Gleb Smirnoff [Sat, 23 Mar 2024 02:50:33 +0000 (19:50 -0700)]
tests/netgraph: mark all tests as required_user="root"
Any netgraph operation requires root priveleges. Some tests in the
directory already mark themselves with 'atf_tc_set_md_var(conf,
"require.user", "root");' which creates a lot of pasted code. Some tests
don't mark self. For this particular directory a blanket metadata setting
in the Makefile is acceptable, imho.
John Baldwin [Sat, 23 Mar 2024 00:25:07 +0000 (17:25 -0700)]
nvmecontrol: Display additional Fabrics-related fields for cdata
Some of these fields are specific to Fabrics controllers (such as the
size of capsules) while other fields are shared with PCI-e
controllers, but are more relevant for Fabrics controllers (such as
KeepAlive timer properties).
John Baldwin [Sat, 23 Mar 2024 00:23:09 +0000 (17:23 -0700)]

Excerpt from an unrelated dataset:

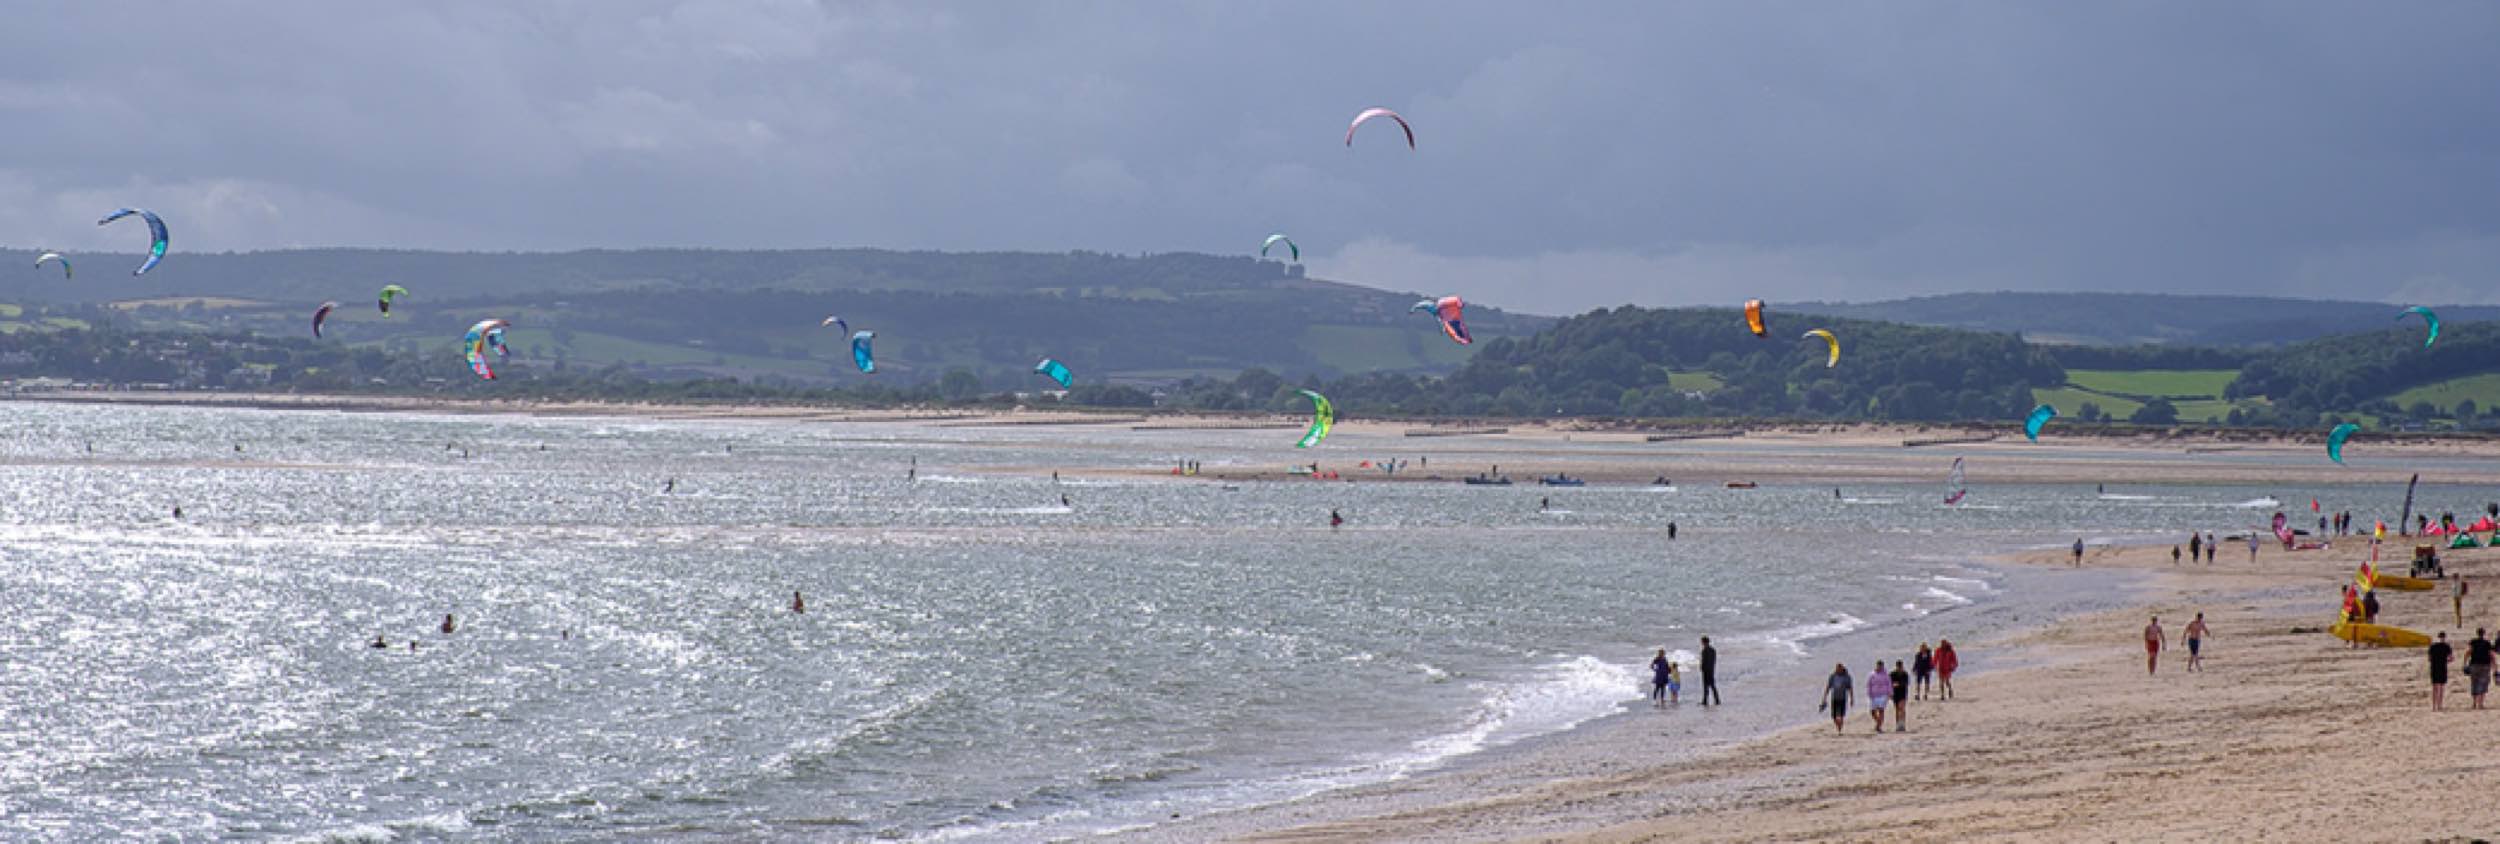 Kitesurfing in Exmouth, UK
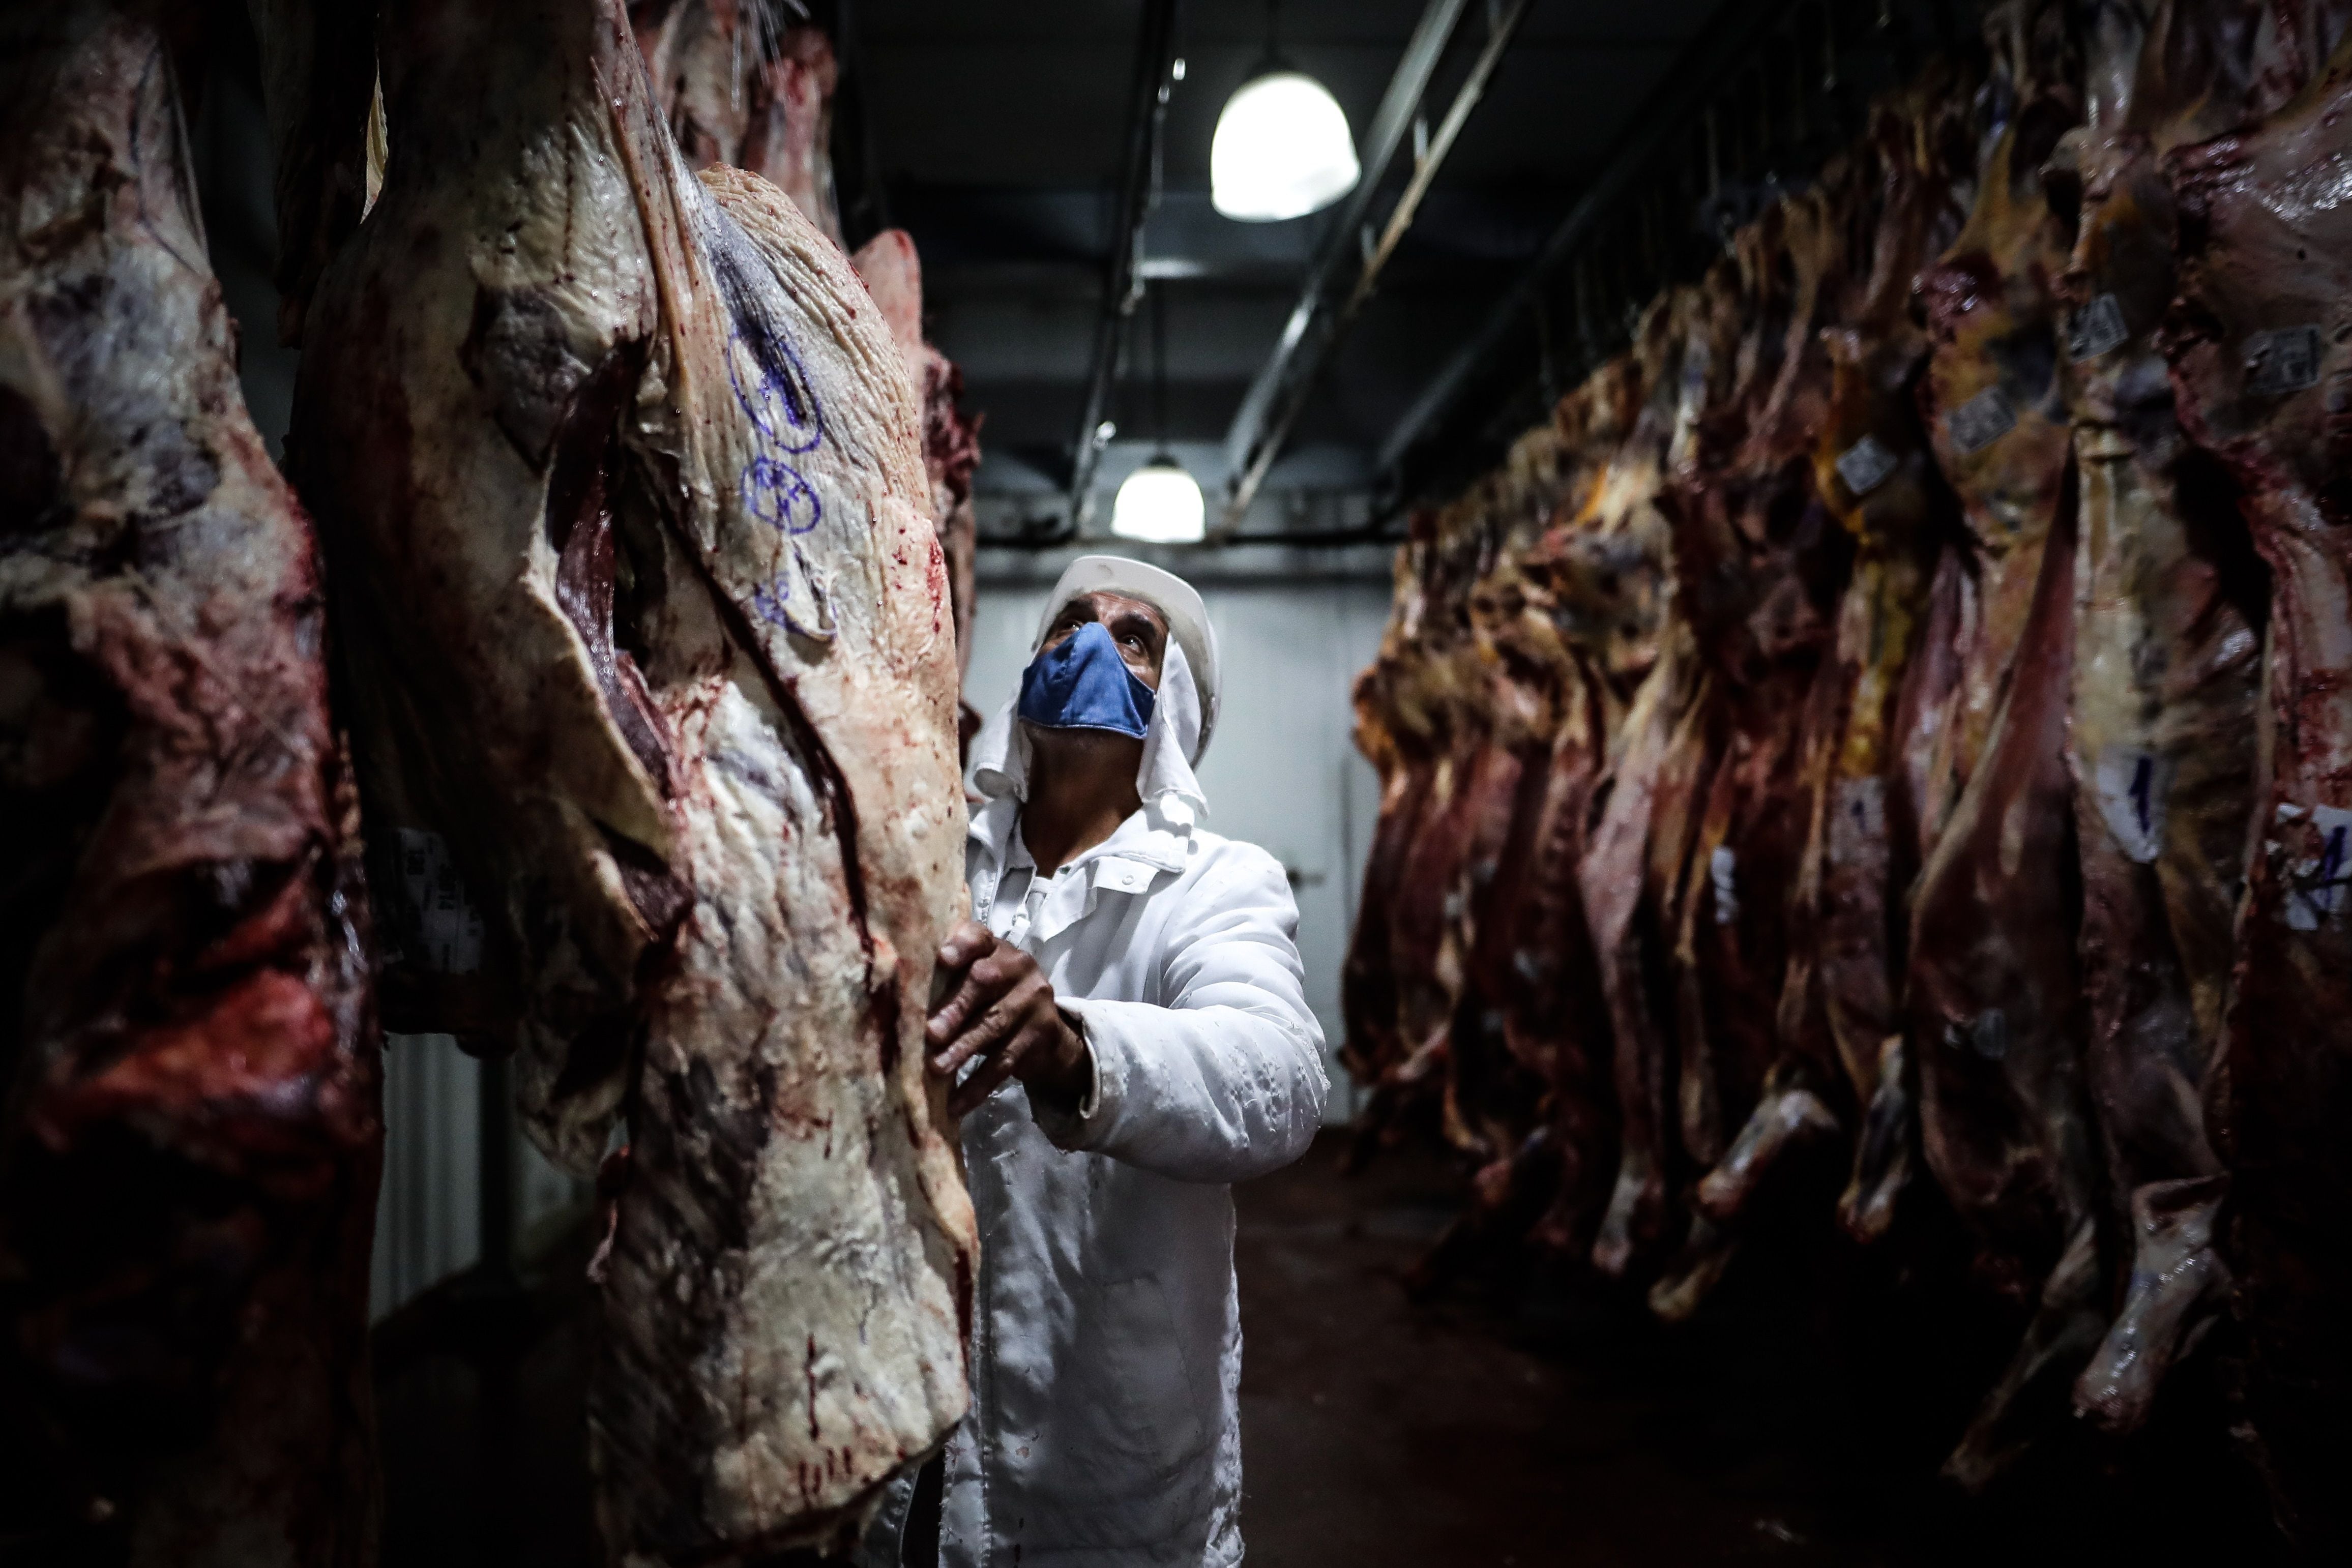 Los precios de la carne se dispararon en agosto y empujaron el promedio de aumentos hacia arriba. EFE

nvme: Add SGL structure and constants for use in NVMe commands
Fabrics capsules use an SGL structure instead of prp1/2 addresses to
describe the data buffer used for a command. The SGL structure is
added to a union with the existing prp1/2 fields.
Michael Tuexen [Fri, 22 Mar 2024 13:50:25 +0000 (14:50 +0100)]
rtld: fix check for endianess of elf hints file
Don't check if the elf hints file is in host byte order, but check
if it is in little endian by looking at the magic number.
This fixes rtld on big endian platforms.
Reviewed by: se, kib (prior version of the patch)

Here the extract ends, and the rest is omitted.